Please retype the listing below, matching every line exactly.

[Excerpted records Boundary: Start]

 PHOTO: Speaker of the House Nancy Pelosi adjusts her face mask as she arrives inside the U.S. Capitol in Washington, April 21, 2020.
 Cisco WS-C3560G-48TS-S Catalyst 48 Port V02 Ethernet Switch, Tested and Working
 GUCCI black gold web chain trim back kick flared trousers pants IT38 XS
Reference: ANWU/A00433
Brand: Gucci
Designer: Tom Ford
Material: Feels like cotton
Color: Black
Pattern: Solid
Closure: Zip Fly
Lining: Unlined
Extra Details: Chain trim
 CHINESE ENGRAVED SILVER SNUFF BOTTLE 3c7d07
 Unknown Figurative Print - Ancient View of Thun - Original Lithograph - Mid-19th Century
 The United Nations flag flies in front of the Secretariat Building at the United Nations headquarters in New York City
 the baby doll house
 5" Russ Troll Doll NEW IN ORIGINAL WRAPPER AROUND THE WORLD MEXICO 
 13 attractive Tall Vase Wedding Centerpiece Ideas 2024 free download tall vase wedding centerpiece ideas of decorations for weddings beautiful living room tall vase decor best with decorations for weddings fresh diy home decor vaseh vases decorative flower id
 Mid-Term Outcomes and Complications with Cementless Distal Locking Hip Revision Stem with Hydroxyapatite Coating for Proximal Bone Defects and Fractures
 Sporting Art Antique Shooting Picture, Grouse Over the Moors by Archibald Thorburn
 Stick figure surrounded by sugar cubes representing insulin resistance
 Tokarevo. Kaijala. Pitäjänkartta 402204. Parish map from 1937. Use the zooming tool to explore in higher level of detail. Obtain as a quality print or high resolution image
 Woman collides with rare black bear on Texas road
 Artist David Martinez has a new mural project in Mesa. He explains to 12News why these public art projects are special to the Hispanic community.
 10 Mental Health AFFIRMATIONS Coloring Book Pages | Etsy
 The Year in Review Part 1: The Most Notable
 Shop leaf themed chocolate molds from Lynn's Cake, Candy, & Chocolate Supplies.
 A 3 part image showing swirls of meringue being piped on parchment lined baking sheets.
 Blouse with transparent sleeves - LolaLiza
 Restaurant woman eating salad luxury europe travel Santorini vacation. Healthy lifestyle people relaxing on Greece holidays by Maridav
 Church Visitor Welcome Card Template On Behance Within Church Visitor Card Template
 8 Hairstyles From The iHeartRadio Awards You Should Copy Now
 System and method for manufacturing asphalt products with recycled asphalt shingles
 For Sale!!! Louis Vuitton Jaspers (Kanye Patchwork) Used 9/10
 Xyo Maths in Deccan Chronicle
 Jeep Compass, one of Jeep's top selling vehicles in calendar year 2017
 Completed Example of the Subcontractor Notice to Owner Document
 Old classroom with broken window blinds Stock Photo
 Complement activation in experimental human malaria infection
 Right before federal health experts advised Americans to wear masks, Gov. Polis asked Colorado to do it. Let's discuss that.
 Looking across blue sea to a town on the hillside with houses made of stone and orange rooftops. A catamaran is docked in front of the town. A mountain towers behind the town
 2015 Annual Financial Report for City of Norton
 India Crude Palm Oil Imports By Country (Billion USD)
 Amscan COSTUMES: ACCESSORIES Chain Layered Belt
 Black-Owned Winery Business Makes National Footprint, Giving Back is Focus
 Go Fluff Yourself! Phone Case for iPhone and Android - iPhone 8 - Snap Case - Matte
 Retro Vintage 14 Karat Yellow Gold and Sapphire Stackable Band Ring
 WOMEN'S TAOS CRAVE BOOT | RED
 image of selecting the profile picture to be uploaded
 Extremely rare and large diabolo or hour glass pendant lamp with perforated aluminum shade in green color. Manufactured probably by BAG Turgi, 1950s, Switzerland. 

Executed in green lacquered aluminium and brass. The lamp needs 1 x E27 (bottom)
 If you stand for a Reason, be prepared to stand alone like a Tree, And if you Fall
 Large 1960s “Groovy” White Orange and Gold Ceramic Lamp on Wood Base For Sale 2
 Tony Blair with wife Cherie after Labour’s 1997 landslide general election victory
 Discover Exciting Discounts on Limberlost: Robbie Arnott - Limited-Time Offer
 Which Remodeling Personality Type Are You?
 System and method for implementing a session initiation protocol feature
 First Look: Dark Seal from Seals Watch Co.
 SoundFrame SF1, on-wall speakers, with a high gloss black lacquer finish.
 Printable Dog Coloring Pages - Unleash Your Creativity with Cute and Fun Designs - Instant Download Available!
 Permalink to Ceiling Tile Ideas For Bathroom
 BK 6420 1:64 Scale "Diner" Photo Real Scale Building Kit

[Excerpted records Boundary: End]

Output for this exercise =
 PHOTO: Speaker of the House Nancy Pelosi adjusts her face mask as she arrives inside the U.S. Capitol in Washington, April 21, 2020.
 Cisco WS-C3560G-48TS-S Catalyst 48 Port V02 Ethernet Switch, Tested and Working
 GUCCI black gold web chain trim back kick flared trousers pants IT38 XS
Reference: ANWU/A00433
Brand: Gucci
Designer: Tom Ford
Material: Feels like cotton
Color: Black
Pattern: Solid
Closure: Zip Fly
Lining: Unlined
Extra Details: Chain trim
 CHINESE ENGRAVED SILVER SNUFF BOTTLE 3c7d07
 Unknown Figurative Print - Ancient View of Thun - Original Lithograph - Mid-19th Century
 The United Nations flag flies in front of the Secretariat Building at the United Nations headquarters in New York City
 the baby doll house
 5" Russ Troll Doll NEW IN ORIGINAL WRAPPER AROUND THE WORLD MEXICO 
 13 attractive Tall Vase Wedding Centerpiece Ideas 2024 free download tall vase wedding centerpiece ideas of decorations for weddings beautiful living room tall vase decor best with decorations for weddings fresh diy home decor vaseh vases decorative flower id
 Mid-Term Outcomes and Complications with Cementless Distal Locking Hip Revision Stem with Hydroxyapatite Coating for Proximal Bone Defects and Fractures
 Sporting Art Antique Shooting Picture, Grouse Over the Moors by Archibald Thorburn
 Stick figure surrounded by sugar cubes representing insulin resistance
 Tokarevo. Kaijala. Pitäjänkartta 402204. Parish map from 1937. Use the zooming tool to explore in higher level of detail. Obtain as a quality print or high resolution image
 Woman collides with rare black bear on Texas road
 Artist David Martinez has a new mural project in Mesa. He explains to 12News why these public art projects are special to the Hispanic community.
 10 Mental Health AFFIRMATIONS Coloring Book Pages | Etsy
 The Year in Review Part 1: The Most Notable
 Shop leaf themed chocolate molds from Lynn's Cake, Candy, & Chocolate Supplies.
 A 3 part image showing swirls of meringue being piped on parchment lined baking sheets.
 Blouse with transparent sleeves - LolaLiza
 Restaurant woman eating salad luxury europe travel Santorini vacation. Healthy lifestyle people relaxing on Greece holidays by Maridav
 Church Visitor Welcome Card Template On Behance Within Church Visitor Card Template
 8 Hairstyles From The iHeartRadio Awards You Should Copy Now
 System and method for manufacturing asphalt products with recycled asphalt shingles
 For Sale!!! Louis Vuitton Jaspers (Kanye Patchwork) Used 9/10
 Xyo Maths in Deccan Chronicle
 Jeep Compass, one of Jeep's top selling vehicles in calendar year 2017
 Completed Example of the Subcontractor Notice to Owner Document
 Old classroom with broken window blinds Stock Photo
 Complement activation in experimental human malaria infection
 Right before federal health experts advised Americans to wear masks, Gov. Polis asked Colorado to do it. Let's discuss that.
 Looking across blue sea to a town on the hillside with houses made of stone and orange rooftops. A catamaran is docked in front of the town. A mountain towers behind the town
 2015 Annual Financial Report for City of Norton
 India Crude Palm Oil Imports By Country (Billion USD)
 Amscan COSTUMES: ACCESSORIES Chain Layered Belt
 Black-Owned Winery Business Makes National Footprint, Giving Back is Focus
 Go Fluff Yourself! Phone Case for iPhone and Android - iPhone 8 - Snap Case - Matte
 Retro Vintage 14 Karat Yellow Gold and Sapphire Stackable Band Ring
 WOMEN'S TAOS CRAVE BOOT | RED
 image of selecting the profile picture to be uploaded
 Extremely rare and large diabolo or hour glass pendant lamp with perforated aluminum shade in green color. Manufactured probably by BAG Turgi, 1950s, Switzerland. 

Executed in green lacquered aluminium and brass. The lamp needs 1 x E27 (bottom)
 If you stand for a Reason, be prepared to stand alone like a Tree, And if you Fall
 Large 1960s “Groovy” White Orange and Gold Ceramic Lamp on Wood Base For Sale 2
 Tony Blair with wife Cherie after Labour’s 1997 landslide general election victory
 Discover Exciting Discounts on Limberlost: Robbie Arnott - Limited-Time Offer
 Which Remodeling Personality Type Are You?
 System and method for implementing a session initiation protocol feature
 First Look: Dark Seal from Seals Watch Co.
 SoundFrame SF1, on-wall speakers, with a high gloss black lacquer finish.
 Printable Dog Coloring Pages - Unleash Your Creativity with Cute and Fun Designs - Instant Download Available!
 Permalink to Ceiling Tile Ideas For Bathroom
 BK 6420 1:64 Scale "Diner" Photo Real Scale Building Kit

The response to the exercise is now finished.